Деловитое выступление Любавы выслушали внимательно. Когда она кончила, с задней скамейки раздался писклявый голос Маланьи Бузыкиной:
— А верно ли, что будут половинить участки? – И сразу подхватила Полюха:
— Для чего участки перемеривали?
— Верно ли сказано, что в решении велено половинить участки? — раздалось с задней скамейки.
Василий позвонил в колокольчик, водворил тишину и спросил:
— Да кто это сказал? Откуда вы это взяли, товарищи колхозники?
— Да вон Полюха мимо лесосеки проехала, говорит участки половинят.
— Пелагея Конопатова, объясните, откуда у вас такие сведения? Объясните, на каком основании вы это распространили?
— А чего мне не объяснить? И объясню. Мне Ксенофонтовна сказала. А мне-то что? Я за что купила, за то и продала.
— Ксенофонтовна всю деревню обежала с этим разговором, — сказала Любава.
— Гражданка Татьяна Ксенофонтовна Блинова, я как председатель собрания прошу вас встать и отвечать на задаваемые вам вопросы. Откуда вы взяли, что приусадебные участки будут половинить?
Ксенофонтовна заерзала на месте. Пухлые щеки ее осели книзу мешочками.
— А чего же мне вставать? Я и сидючи могу!..
— Нет, вы встаньте и отвечайте всенародно за эти зловредно распространяемые вами слухи.
Ксенофонтовна встала. Она и храбрилась и трусила одновременно.
— Ну и что ж? Ну и неправда, что ли? Ты мне и сам сказал, Василий Кузьмич, что споловинишь. Твои то были словечки! Вру я, что ли?
— А у кого я собирался споловинить? У тебя?
— Ну, у меня….
— То-то и оно! Как у тебя не «споловинить», когда ты целый гектар отхватила! Товарищи, со всей ответственностью вас заверяю, что при проверке участков излишки оказались только у троих из всего колхоза: у Конопатовых, у Кузьмы Васильевича Бортникова и у Блиновых.
Василий быстрым взглядом посмотрел на отца. Отец и Степанида сидели прямые, твердые, каменные.
— Бортниковы, согласно моей записке, без возражения передали землю в колхозный фонд. Вопрос остается о Конопатовых и о Блиновых, об ихнем гектаре.
— Да где же это у меня гектар! — заволновалась Ксенофонтовна. — Люди добрые, да это наговорено, и всего-то-навсего полгектара.
— Полгектара при доме да полгектара вдоль косогора.
— Да разве там земля? Пеньки да елки, ухабы да ямы!
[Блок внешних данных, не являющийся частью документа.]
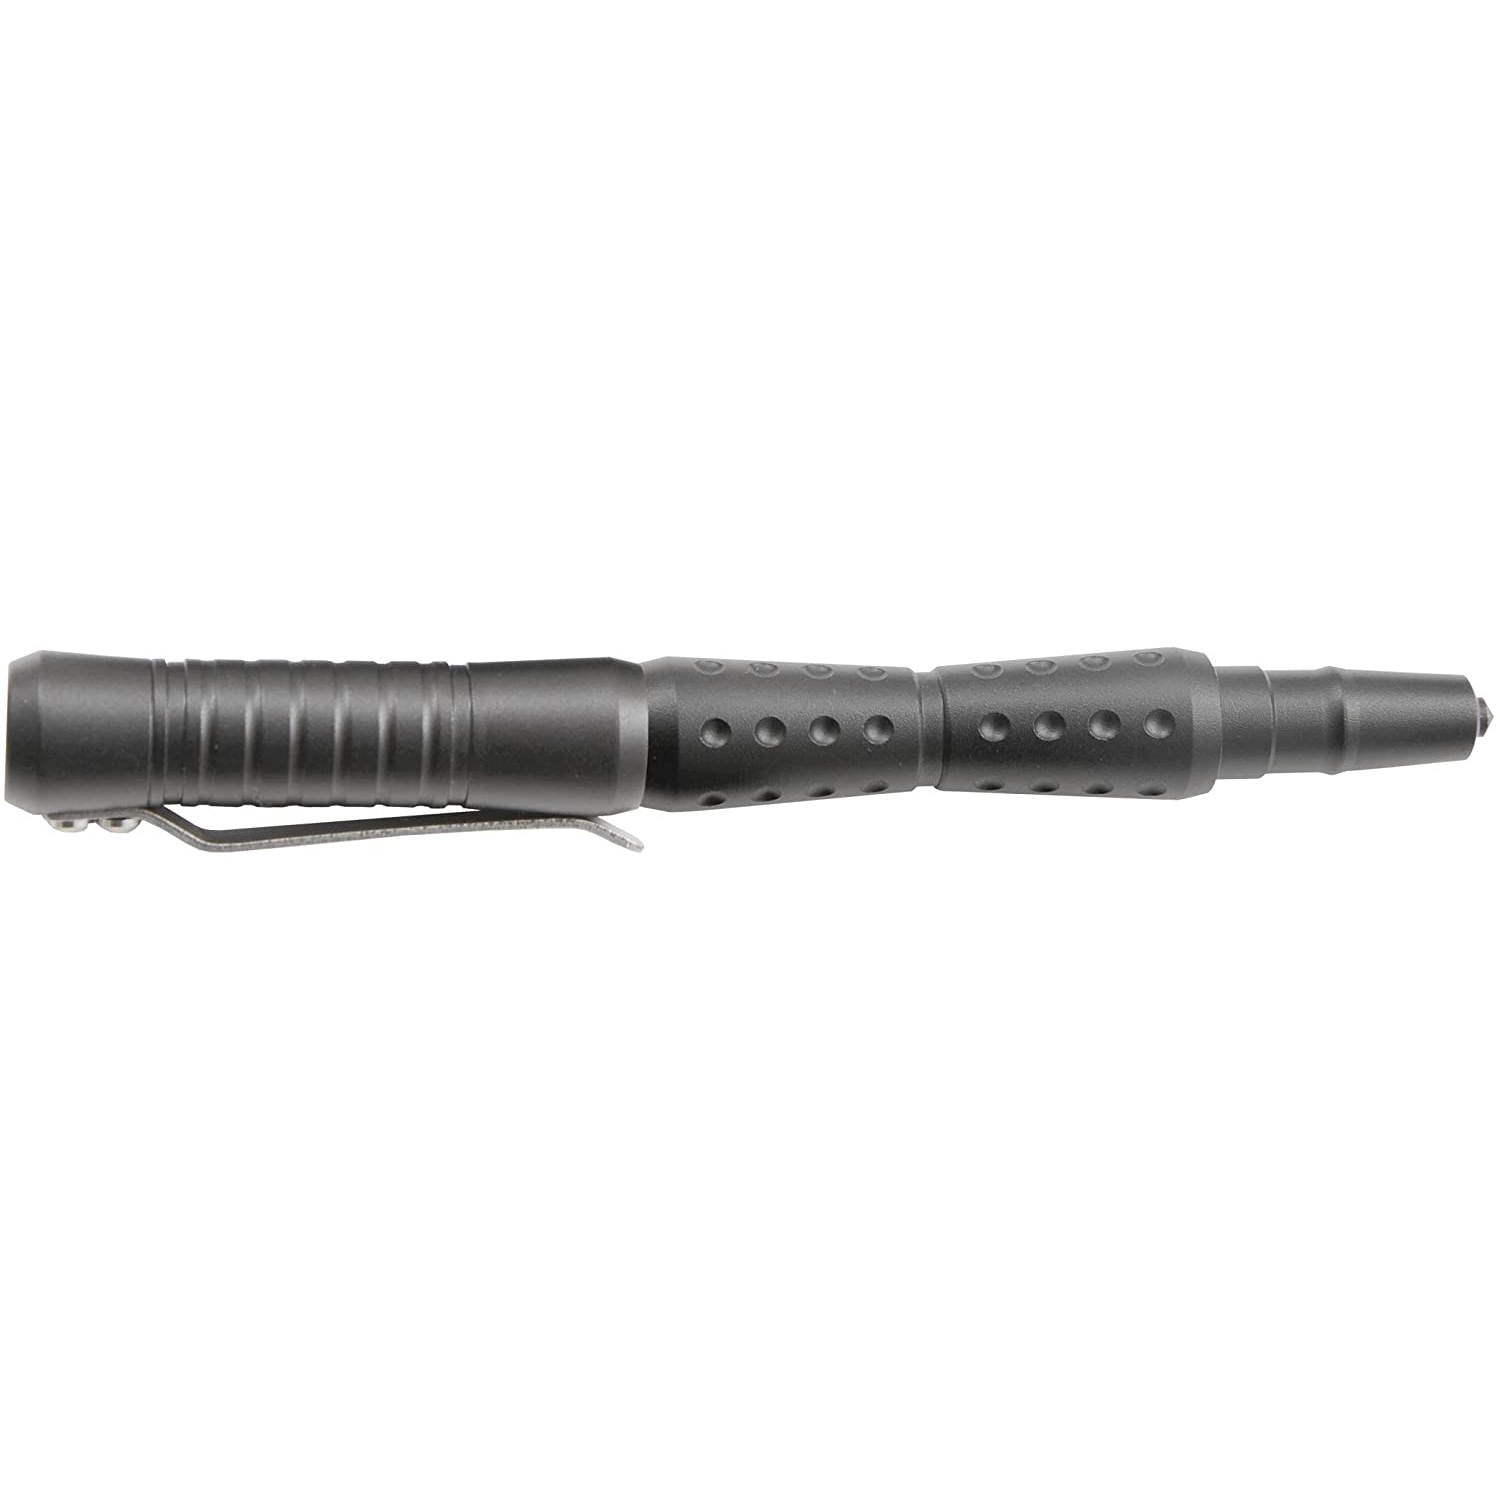 Caliber Gourmet - UZI Tactical Pen 19 - Gun Metal

— Эта земля, почитай, лучшая в колхозе. Во всем колхозе не найти такой земли. Эту землю колхоз отберет.
— Вот еще! Да что же это? — неожиданно вступилась Фроська, давно отчаянно ерзавшая на подоконнике. — Да из этой земли мы с маманей все пеньки выкорчевали!
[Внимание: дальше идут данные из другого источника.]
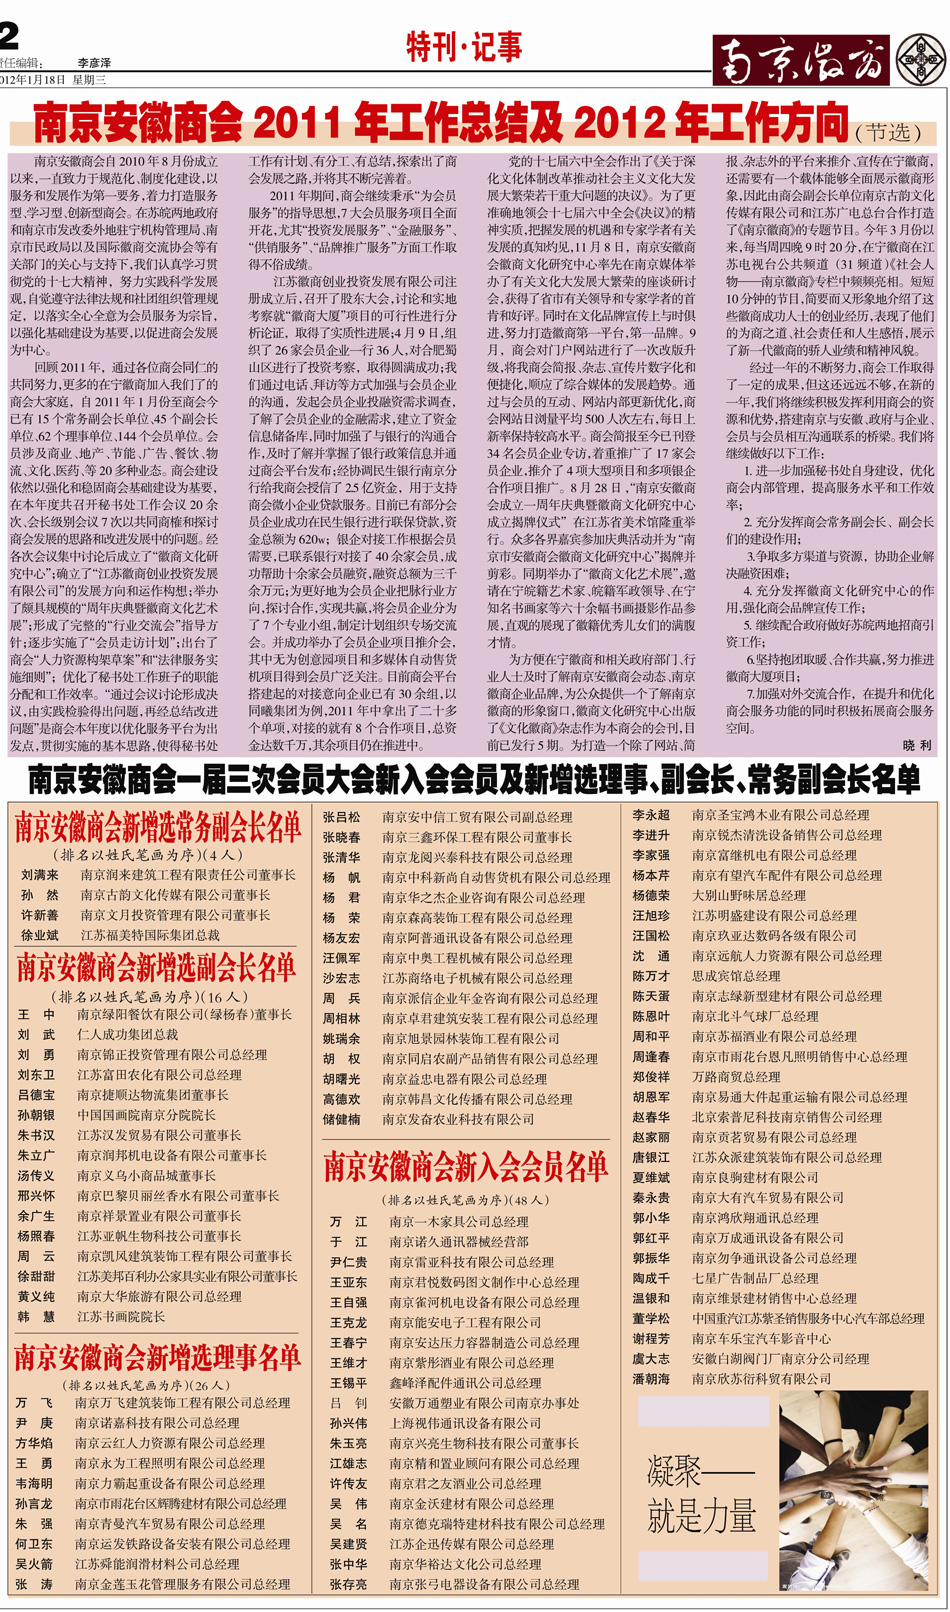 《南京徽商》2012年第1期总第12期

— А и всего-то там был один-разъединый пенек! — раздался сзади густой, утонувший в бороде бас Матвеевича.
— И ничего не один!.. Вот еще! Мы своими руками все пеньки повыкорчевывали. Сколько трудов положили, сколько одного поту пролили!
— Кто вас просил проливать! И как вы эту землю заграбастали?
— Им эту землю Валкин, старый наш председатель, отдал за ее, за Фроськины, глазки.
— И не за «глазки» вовсе, а просто так. «Владей, — говорит, — Фрося, все равно земля зарастает. Расчисти, — говорит, — и владей на десять лет». Сколько я спину гнула, сколько одного навозу перевозила на этот косогор! А теперь его от меня отбирают. Да где же это справедливость? — разошлась Фроська. Ораторствуя, она не забывала выставлять полусапожки и поглядывать на Андрея. — Где же это справедливость, товарищ секретарь райкома? — обратилась она прямо к Андрею, сделав обиженное лицо. — Где же это видано?
— А мы поступим по справедливости, — улыбнулся Андрей. — Чтобы ваши труды не пропали даром, я предлагаю передать эту землю вашей бригаде. И труды ваши останутся с вами.
— Да что же это?.. Да как это бригаде? Да это мне ни к чему! — растерялась Фроська.
— Переходи к главному, — шепнул Андрей Василию. Одновременно откуда-то сзади прогудел бас Матвеевича:
— Хватит по пустякам разговаривать. Тут разговор должен быть не о косогоре, а о больших делах!
— Правильно! — поддержали колхозники.
— Товарищи! — сказал Василий. — Я думаю, вам теперь всем ясен вопрос с участками. Никто их половинить не собирается, а что касаемо Блиновых и Конопатовых, то у них отбираем излишки, согласно положению, и этот вопрос обсуждать не к чему. Перейдем, товарищи, к существу дела. Кто желает высказаться по существу?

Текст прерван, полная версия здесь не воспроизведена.